That the safety of Germanity first required the destruction of Austria, and that, further, national feeling has nothing to do with dynastic patriotism; above all, the Hapsburg house was fated to bring misery on the German nation.

Even then I drew the inescapable conclusions from this realization—warm love for my German Austrian homeland, profound hatred for the Austrian state.


The way of historical thinking thus taught me in school I did not abandon in the days that followed. More and more world history became my inexhaustible source of understanding for the historical action of the present, that is for politics. In this way I did not mean to “learn” history; history was to teach me.

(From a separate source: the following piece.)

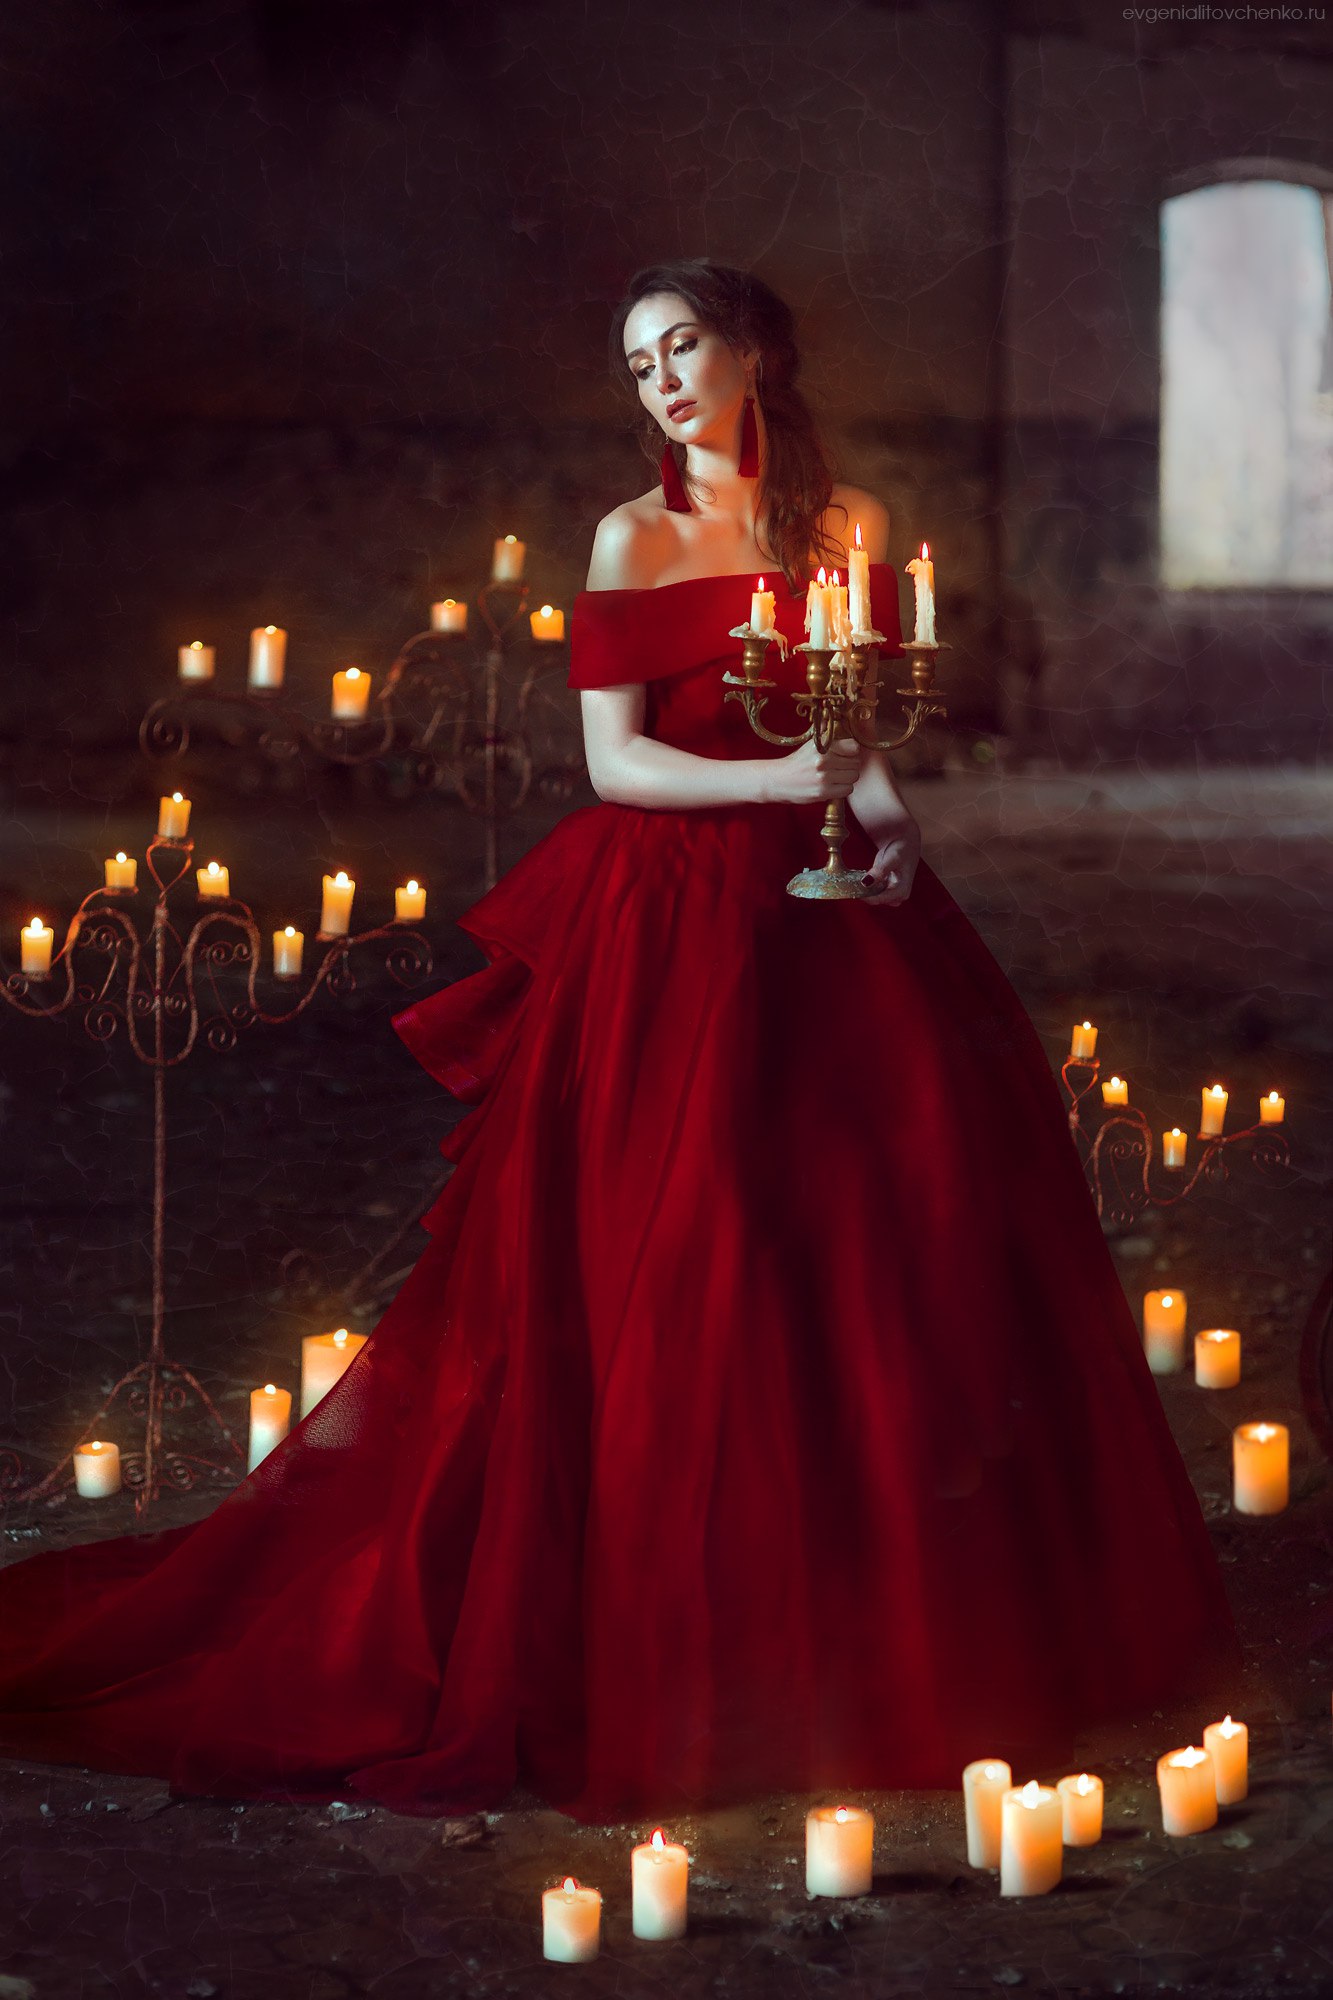 Фото Девушка в красном платье стоит в старом помещении в окружении свечей, держа в руках канделябр. Фотограф Евгения Литовченко / Evgeniya Litovchenko

If I thus soon became a political revolutionary, I became one in the arts no less quickly.

The Upper Austrian capital at that time had a theater which was fairly good. They put on nearly everything. When I was twelve I saw Wilhelm Tell for the first time; a few months later my first opera, Lohengrin. I was captivated. My youthful enthusiasm for the master of Bayreuth knew no bounds. Again and again I was drawn to his works, and it seems to me now my special good fortune that the small scale of the provincial performances made possible a later heightening of the impression.

All this—especially once I had got through my hobbledehoy years (a very painful process with me)—confirmed my deep-seated aversion to the calling my father had chosen for me. More and more I came to the conviction that I could never be happy in the civil service. And now that my talent for drawing was recognized at the realschule, my determination was but the more fixed.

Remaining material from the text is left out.